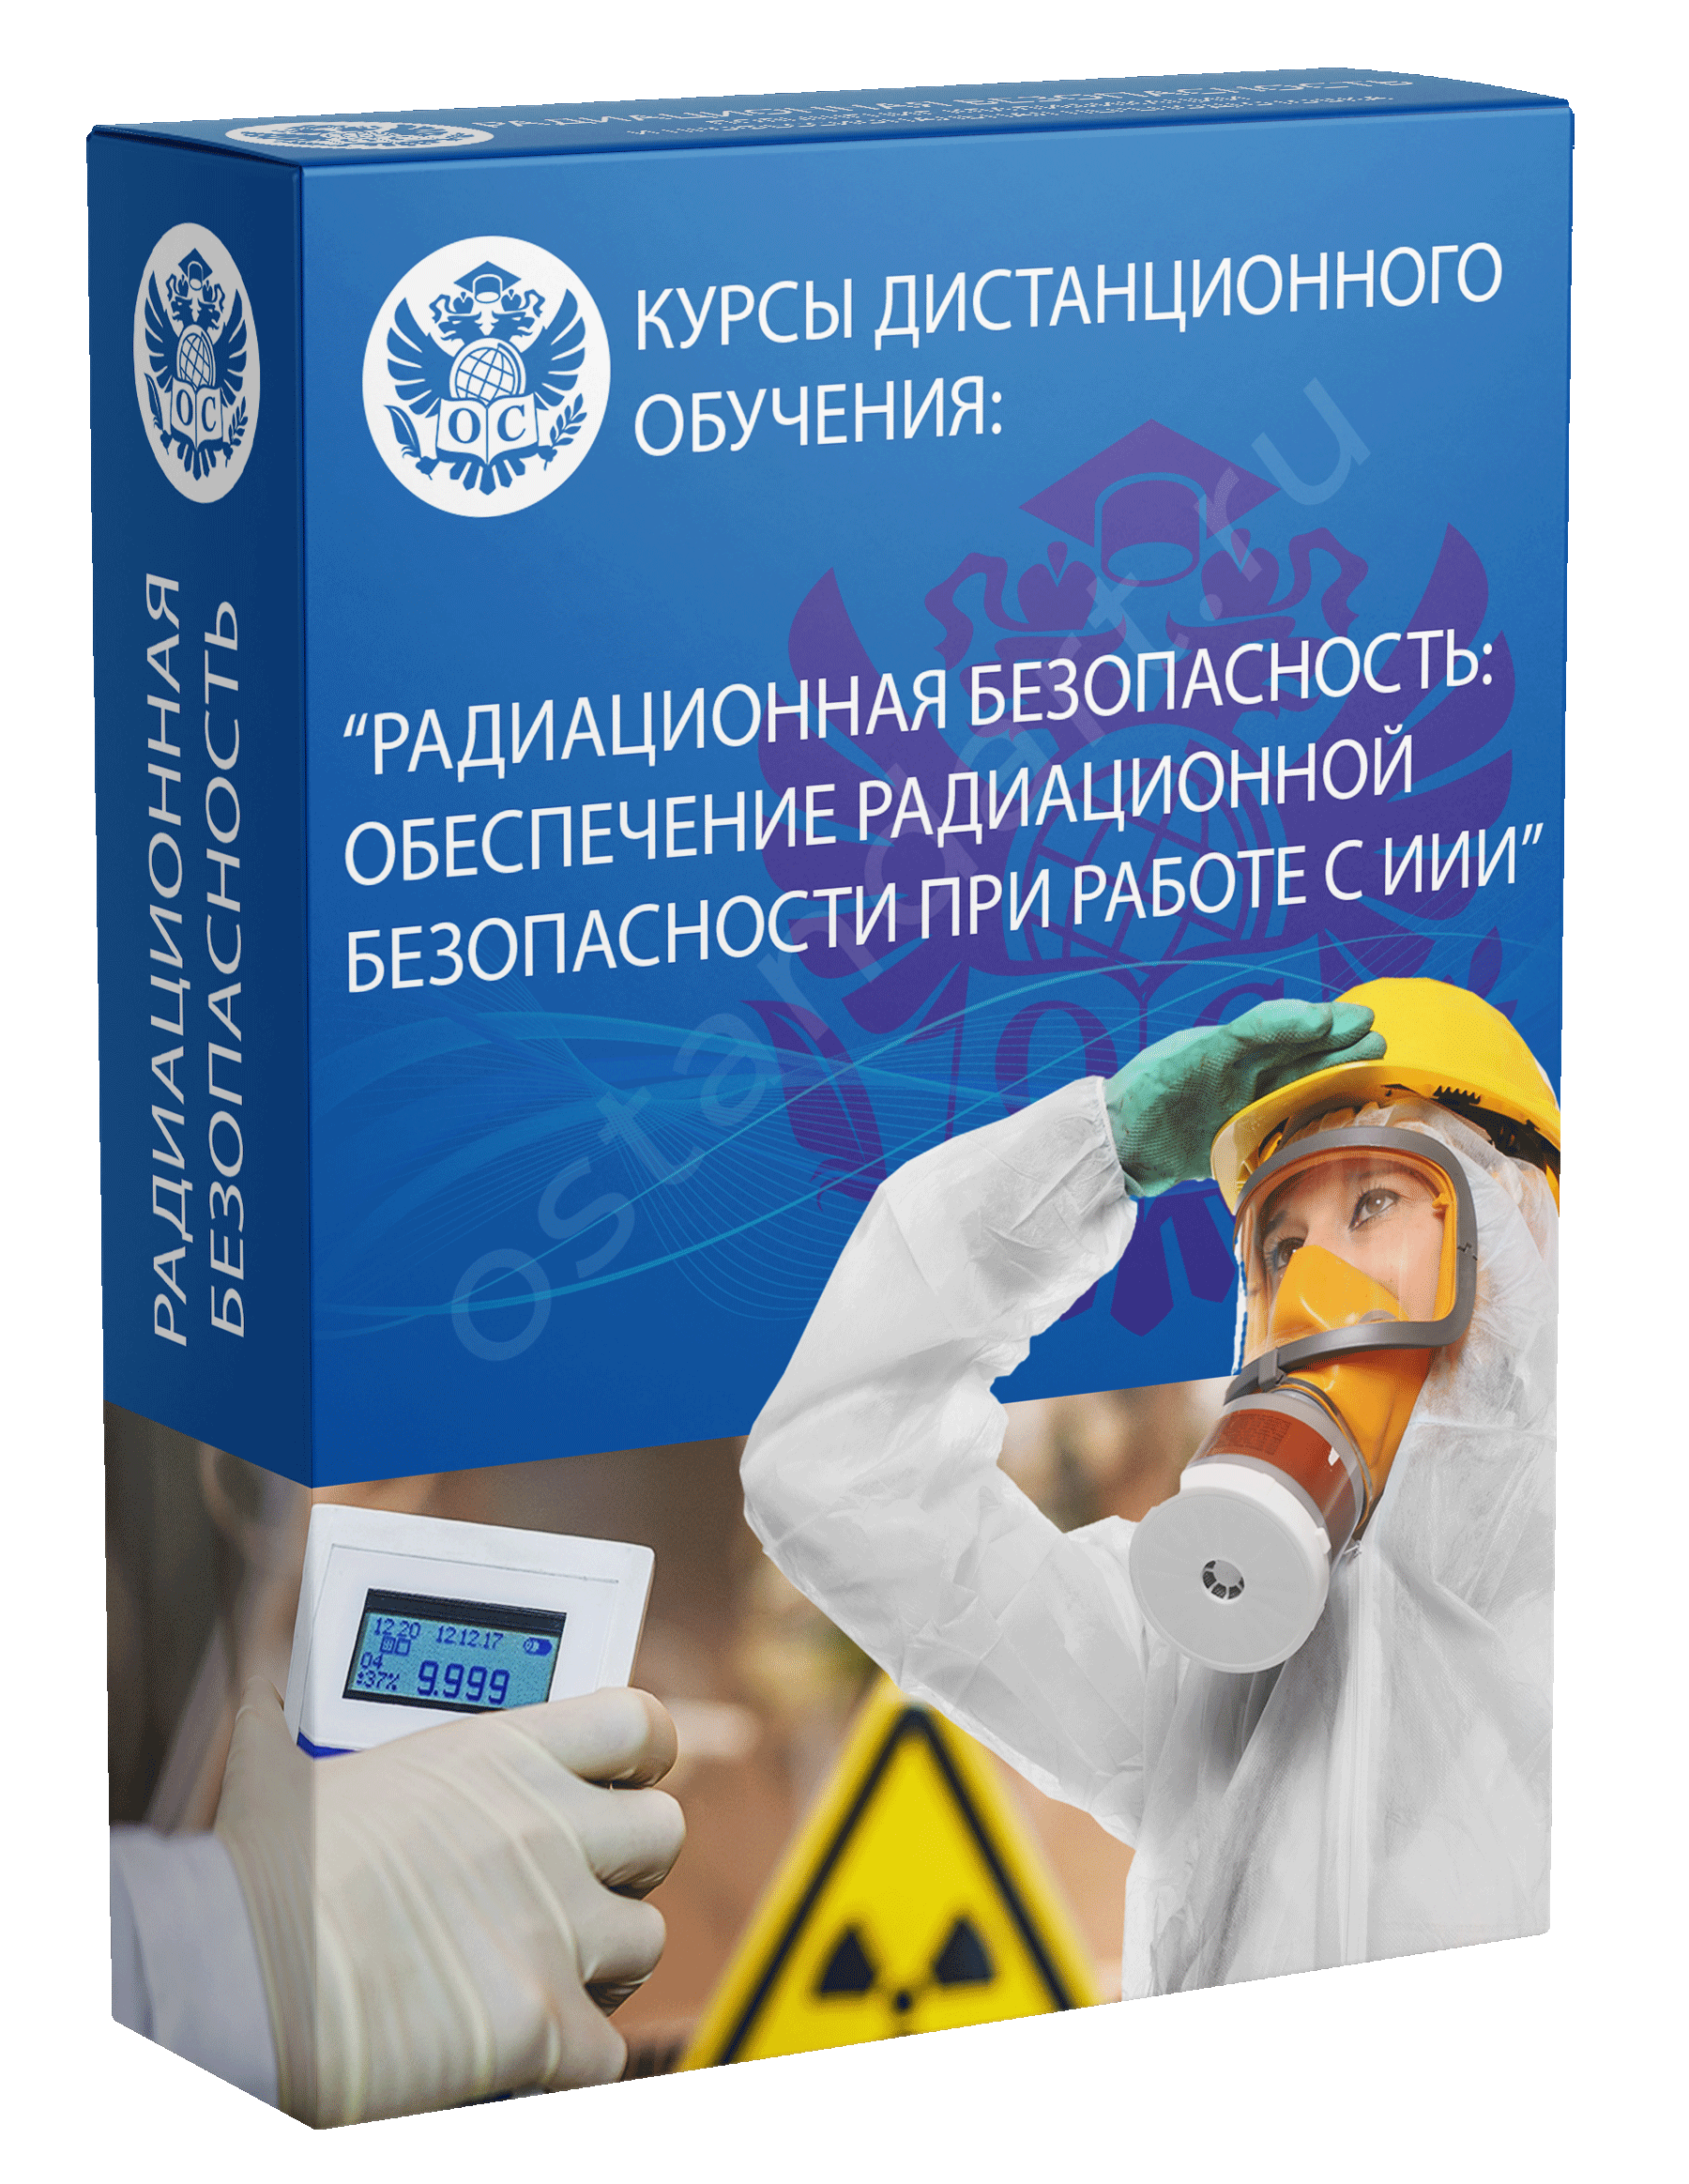 Радиационная безопасность: обеспечение радиационной безопасности при работе с ИИИ курс обучения
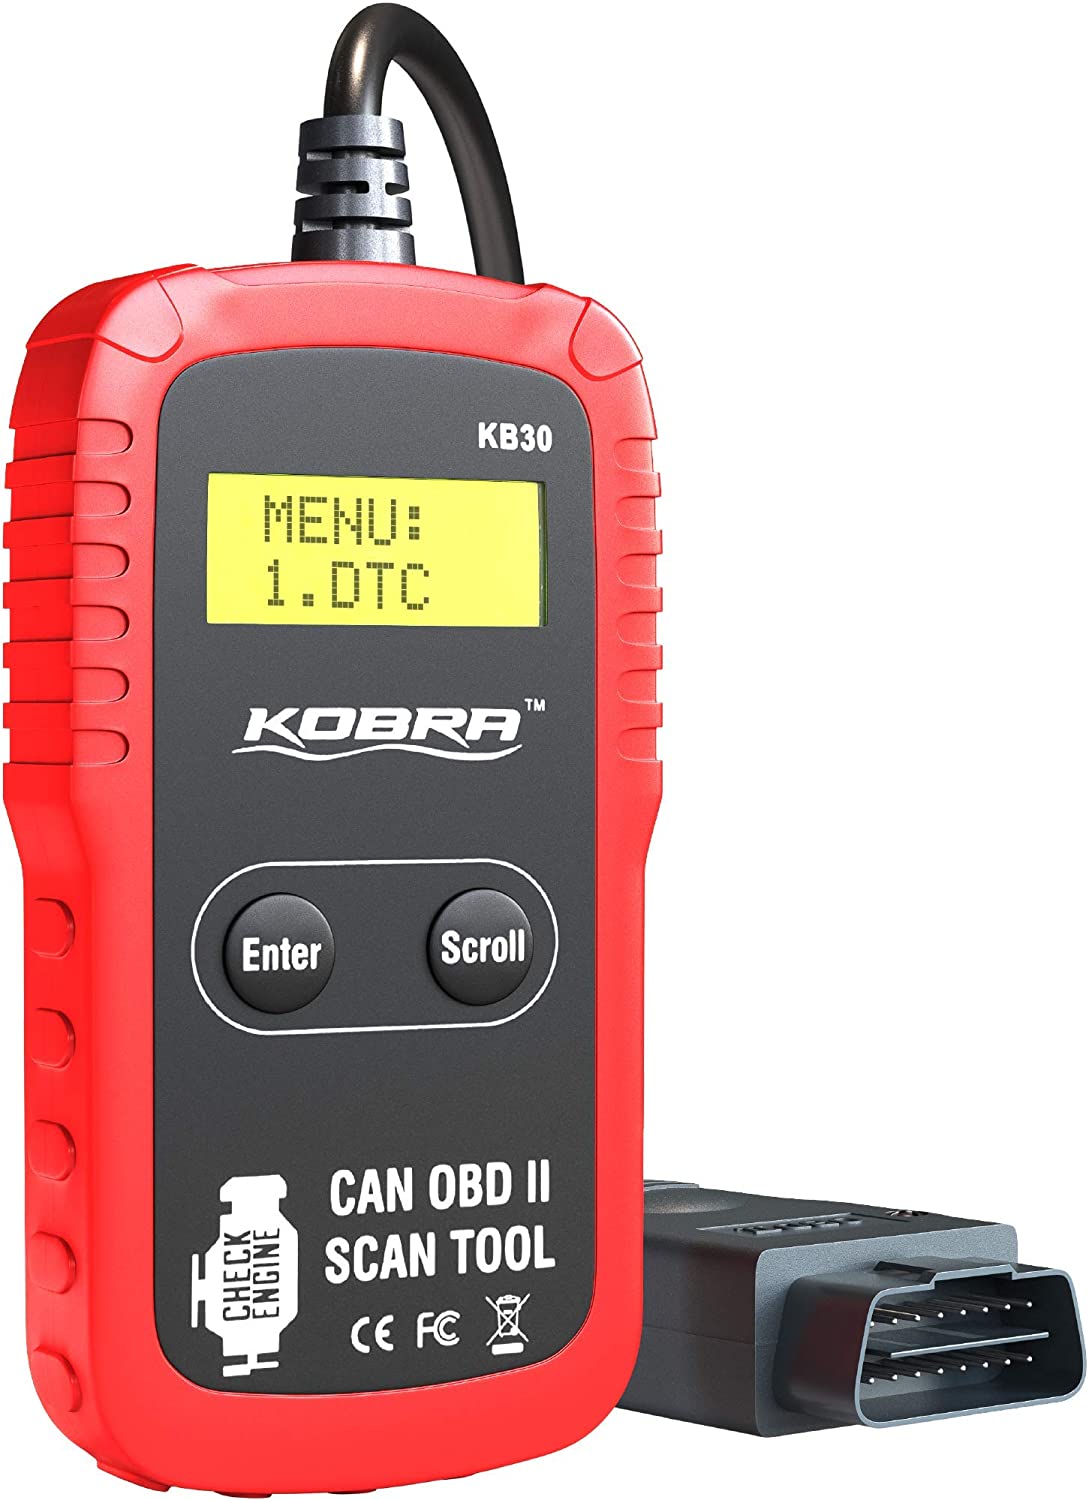 Car Diagnostic Tools - OBD2 Scanners & Code Readers
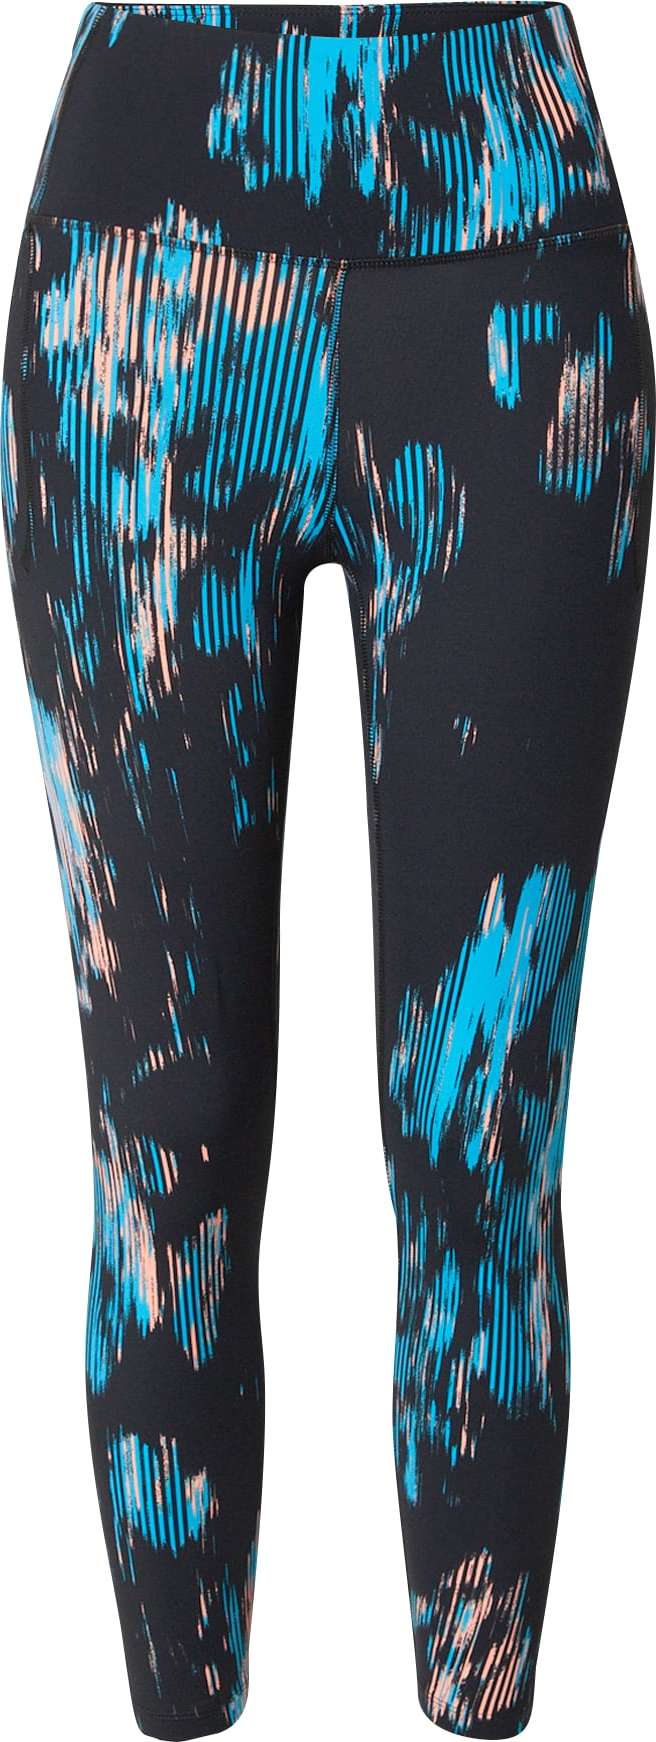 UNDER ARMOUR Sportovní kalhoty 'Meridian' aqua modrá / broskvová / černá

● ● ● ● ●

* WHAT THE EXERCISE ASKS
Only the listing above, set down exactly and without pictures, belongs in the answer.

* SOLUTION BELOW
 Радиационная безопасность: обеспечение радиационной безопасности при работе с ИИИ курс обучения
 Car Diagnostic Tools - OBD2 Scanners & Code Readers
 UNDER ARMOUR Sportovní kalhoty 'Meridian' aqua modrá / broskvová / černá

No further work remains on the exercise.